The race has been won by a few champions including Manikato who won the race five consecutive times from 1979 to 1983. Also noted champions Black Caviar and Miss Andretti won the race before being successful at Royal Ascot.

From 2005 to 2007 it was the second leg of the Global Sprint Challenge, preceded by the Lightning Stakes and followed by the King's Stand Stakes. It has now been replaced as an Australian leg of the Global Sprint Challenge series by The Age Classic.

Name
The William Reid Stakes was named after William Reid, a former committee member of the Moonee Valley Racing Club. Originally from Morayshire, Scotland, William Reid was a Victorian Banker and racehorse owner who died in 1923. He was the owner of a number of prominent racehorses in the early 1900s including Uncle Sam, who won the Caulfield Cup in 1912 and 1914. Uncle Sam also ran third in the Melbourne Cup in 1912 who stood at his Glen Orla Stud in Sunbury.

During the period 1996–2001 the race was held on the Australia Day holiday weekend.
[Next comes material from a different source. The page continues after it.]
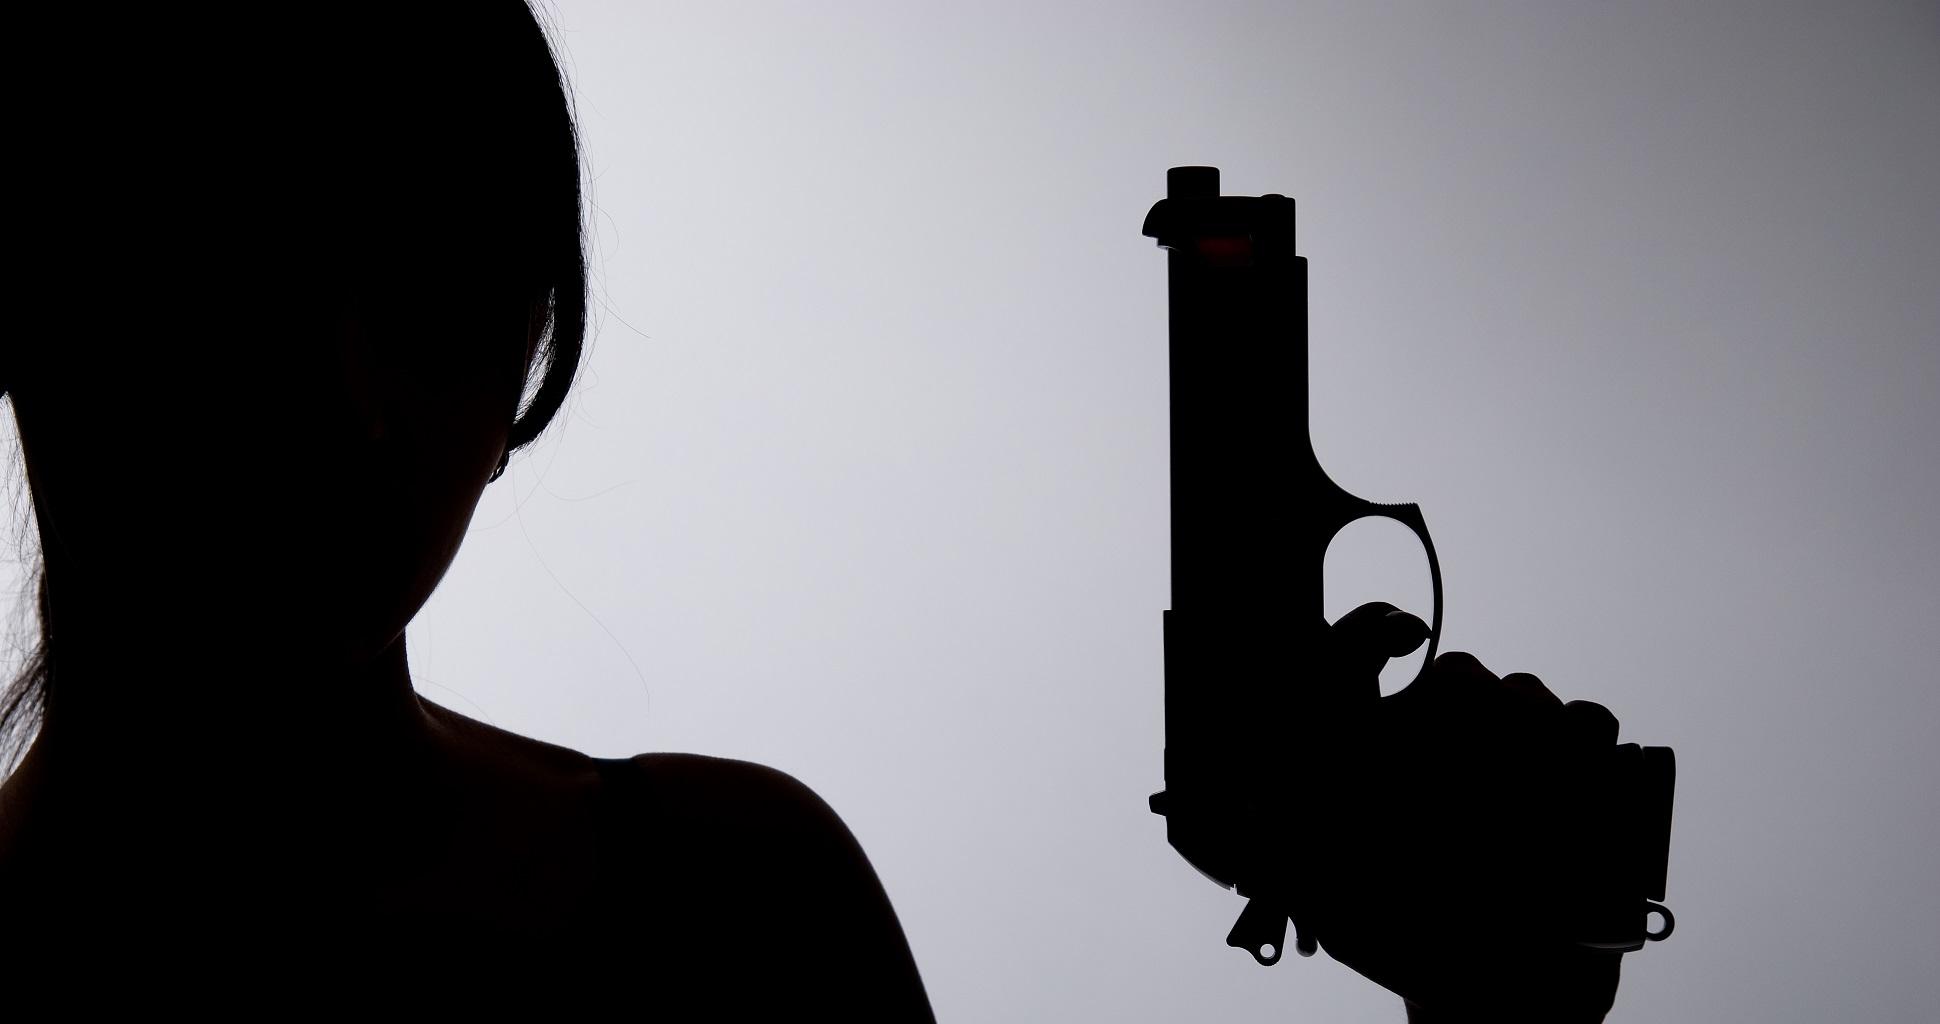 The Best Handgun For Women

In 2002 the event was moved to March while the Norman Carlyon Stakes which was the same distance and race conditions was rescheduled for the Australia Day holiday weekend. Later in 2010 that event was renamed to the Australia Stakes and to this date continues to be raced under the given name.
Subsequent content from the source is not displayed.